Furthermore, among the three models, it is necessary to select the most appropriate panel analysis model to be interpreted is the model was obtained through the following tests:

First, the Chow test was conducted to select whether CEM or FEM was the most appropriate model to be used. The decisions were taken by comparing the p-values of the cross-sectional chi-square at α = 0.05.

Second, the Hausman test would be carried out if the Chow test results chose FEM as the best model. Then, further testing was carried out regarding whether FEM or REM was the most appropriate model to be used. The decisions were taken by comparing the p-values of random cross-section at α = 0.05.

Third, the Langrange multiplier test would be carried out if the Hausman test results chose REM as the best model. Then, further testing was carried out regarding whether REM or CEM was the most appropriate model to be used. The decisions were taken by comparing the p-values of the cross-sectional test hypothesis for Breusch-Pagan at α = 0.05.
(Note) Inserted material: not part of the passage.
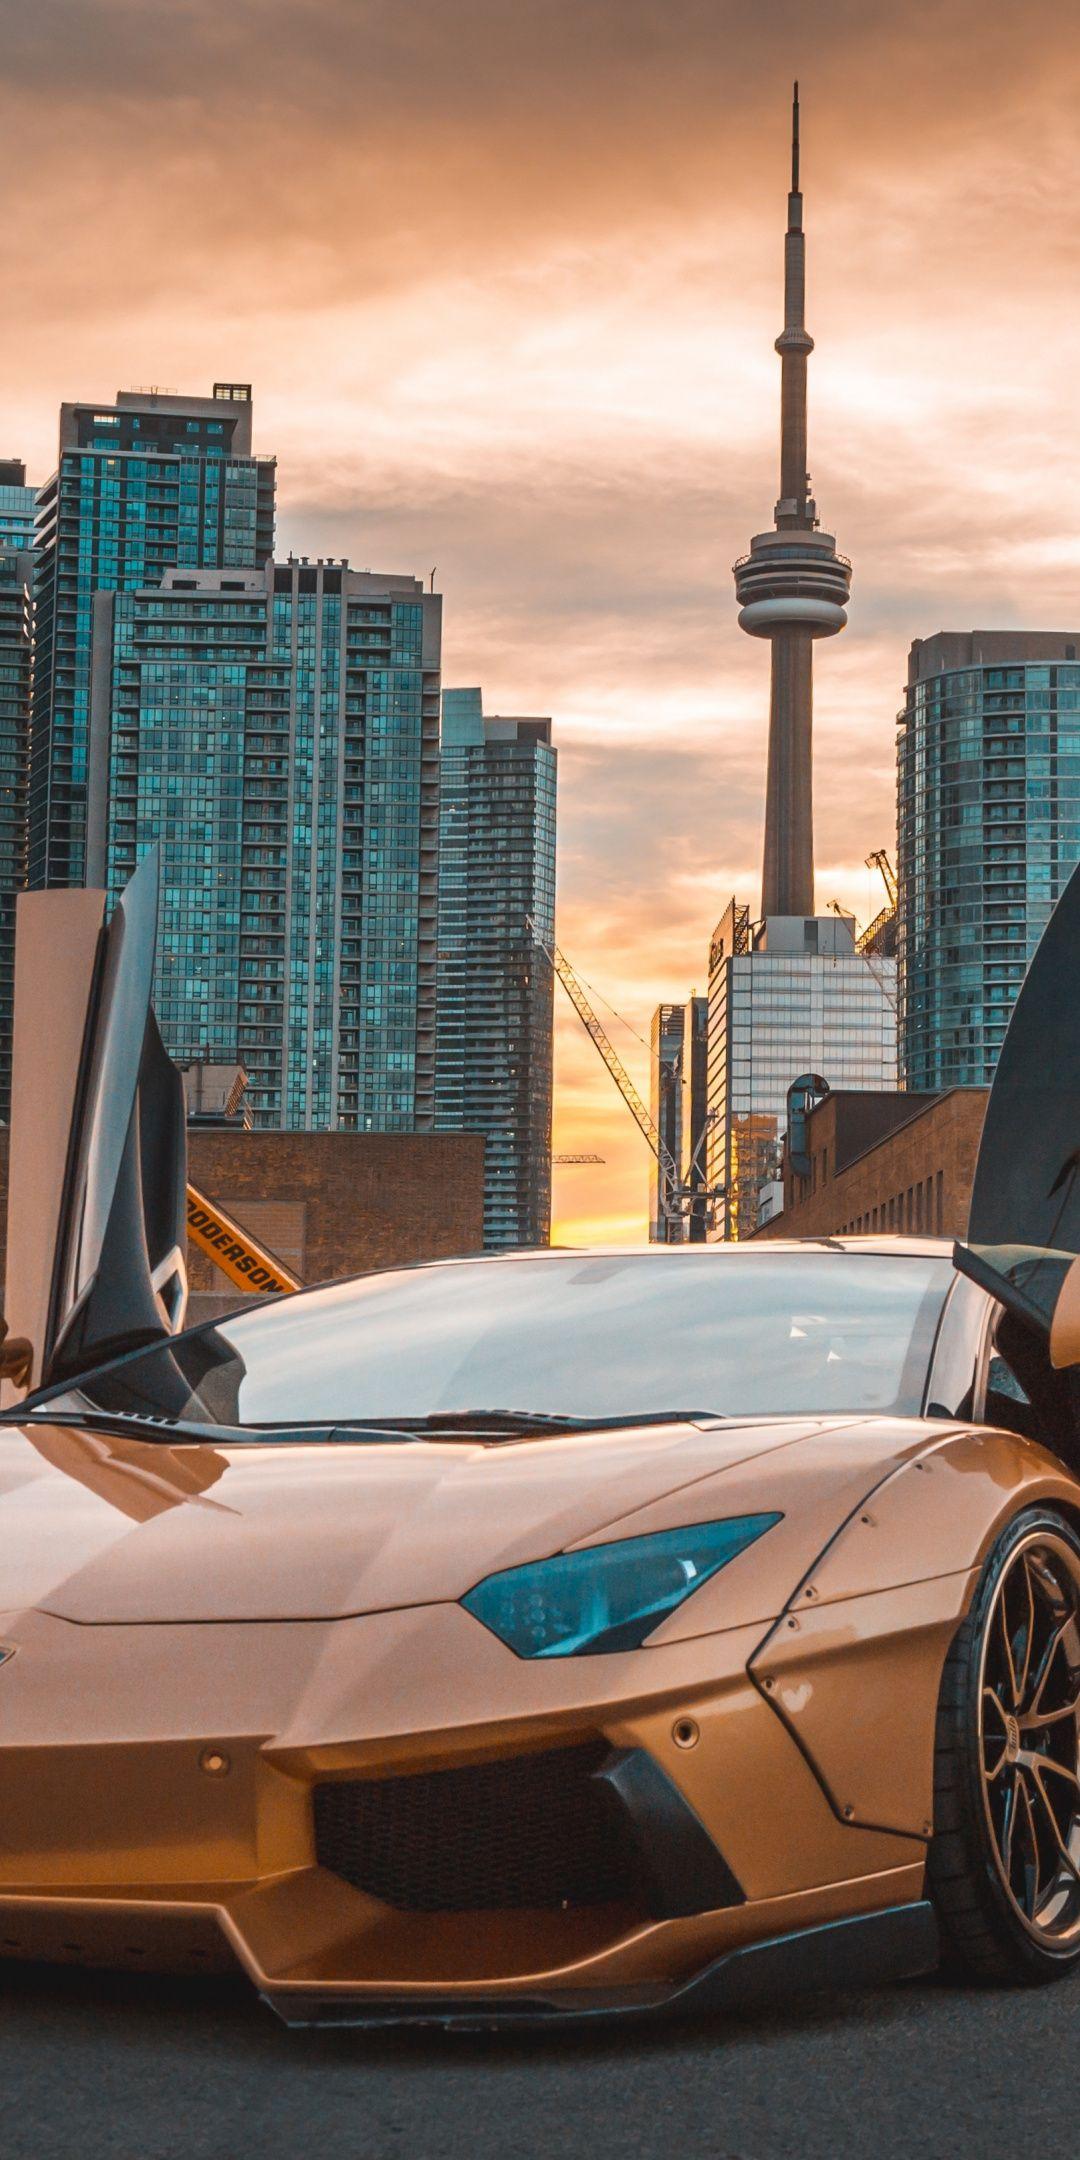 Golden Lamborghini Aventador, CN tower, 1080x2160 wallpaper is part of Luxury cars audi -

2.3.2 Simultaneous equation analysis

Simultaneous equation is a model that has more than one equation that is interrelated and has a causal relationship between endogenous and exogenous variables, so that a variable can be expressed as an endogenous or exogenous variable in another equation. In a system of simultaneous equations containing two or more equations, it is not possible to get the numerical value of each parameter in each equation because these equations cannot be distinguished by observation or are very similar to one another. Therefore, it is necessary to carry out an identification test using order condition shown in Eq. (4) below:

K – k ≥ m – 1     (4)

where: M is the number of endogenous variables in the model; m is the number of endogenous variables in the equation; K is the number of predetermined variables in the model; and k is the number of the predetermined variables in the equation.

If K – k = m – 1, this equation is identified. It is followed by the simultaneous equation estimation of an indirect least square (ILS) method.

If K – k > m – 1, this equation is overidentified. It is followed by the simultaneous equation estimation of a two-stage least square (2SLS) method.

If K – k < m – 1, this equation is unidentified.

The equation that can be solved using the simultaneous equation system is the equation whose results of order condition are identified and overidentified.

3. Results and Discussion

3.1 Panel analysis results

Prerequisites in panel analysis require selecting the most appropriate panel data model for interpretation. After performing the Chow and Hausman tests, the overall equation in this study uses FEM as the best model, the results of which are shown in Tables 2 and 3.

The information in Table 2 is that all models have prob values. cross-section chi-square is small from = 0.05, where FEM is the most appropriate model to be used in all analysis models. However, it is necessary to proceed to the Hausman test to determine the right model between FEM and REM, the results of which are shown in Table 3.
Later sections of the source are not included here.